Conversion experiences, while obviously not limited to the positive-thinking movement, help explain New Thought’s ability to attract newcomers, some of whom earnestly testify to personal breakthroughs upon discovering its ideas. For individuals who have been raised within uninspiring or punitive religious backgrounds, the self-affirming beliefs of mind-power can generate tremendous enthusiasm and reorientation. The problem is in sustaining that experience. For individuals with a defined and well-ordered aim, such as staying sober, support groups such as AA do provide a sustaining structure. But most people discover positive-thinking philosophy through books, such as
The Secret
or
The Power of Your Subconscious Mind
. And their initial excitement—along with the self-validation they may experience—is not generally
sustainable. Hence, positive-thinking bestsellers and seminars can attract droves of excited newcomers—but the movement is like a great revolving door through which the curious quickly come and go (another issue to which we will return).
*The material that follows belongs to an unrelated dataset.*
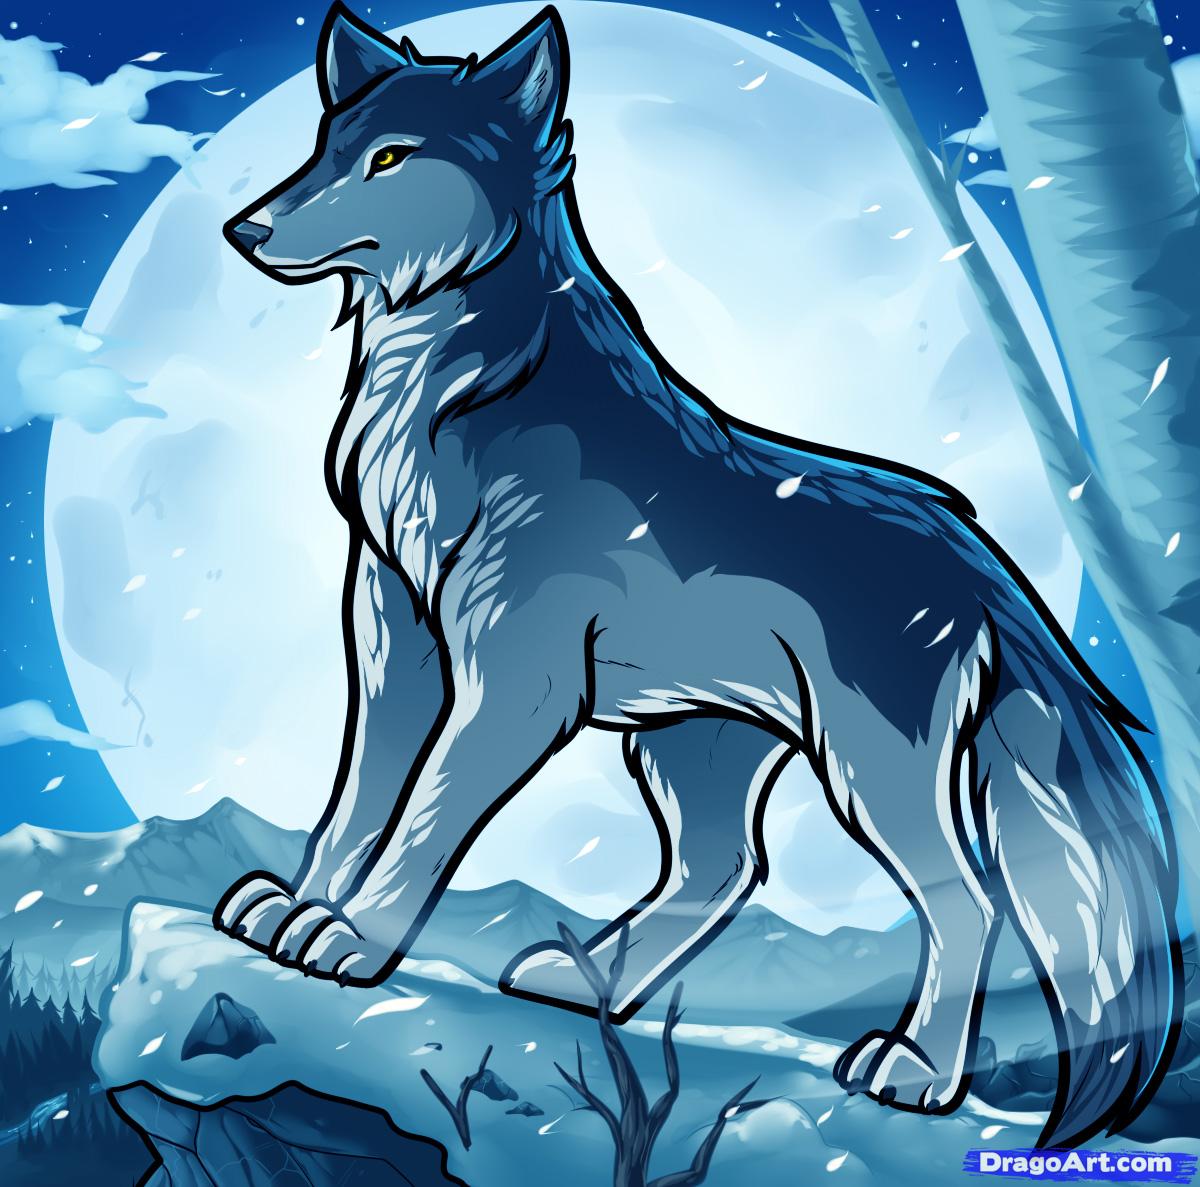 Jake the anime wolf - Anime Wolves Photo (36394958) - Fanpop

The conversion effect seems most likely to succeed when: (a) it is combined with a support structure, such as AA meetings or church services, and (b) it focuses a person’s energies on solving a specific and well-defined problem. The closest thing to a blueprint for conversion is found in the first three of AA’s twelve steps, as noted in
Chapter 5
.

There are, of course, certain forms of conversion that go beyond the needs of addiction recovery or crisis intervention—and that lead to a sustainable and dramatically reorganized sense of existence and personal worth, to which we now turn.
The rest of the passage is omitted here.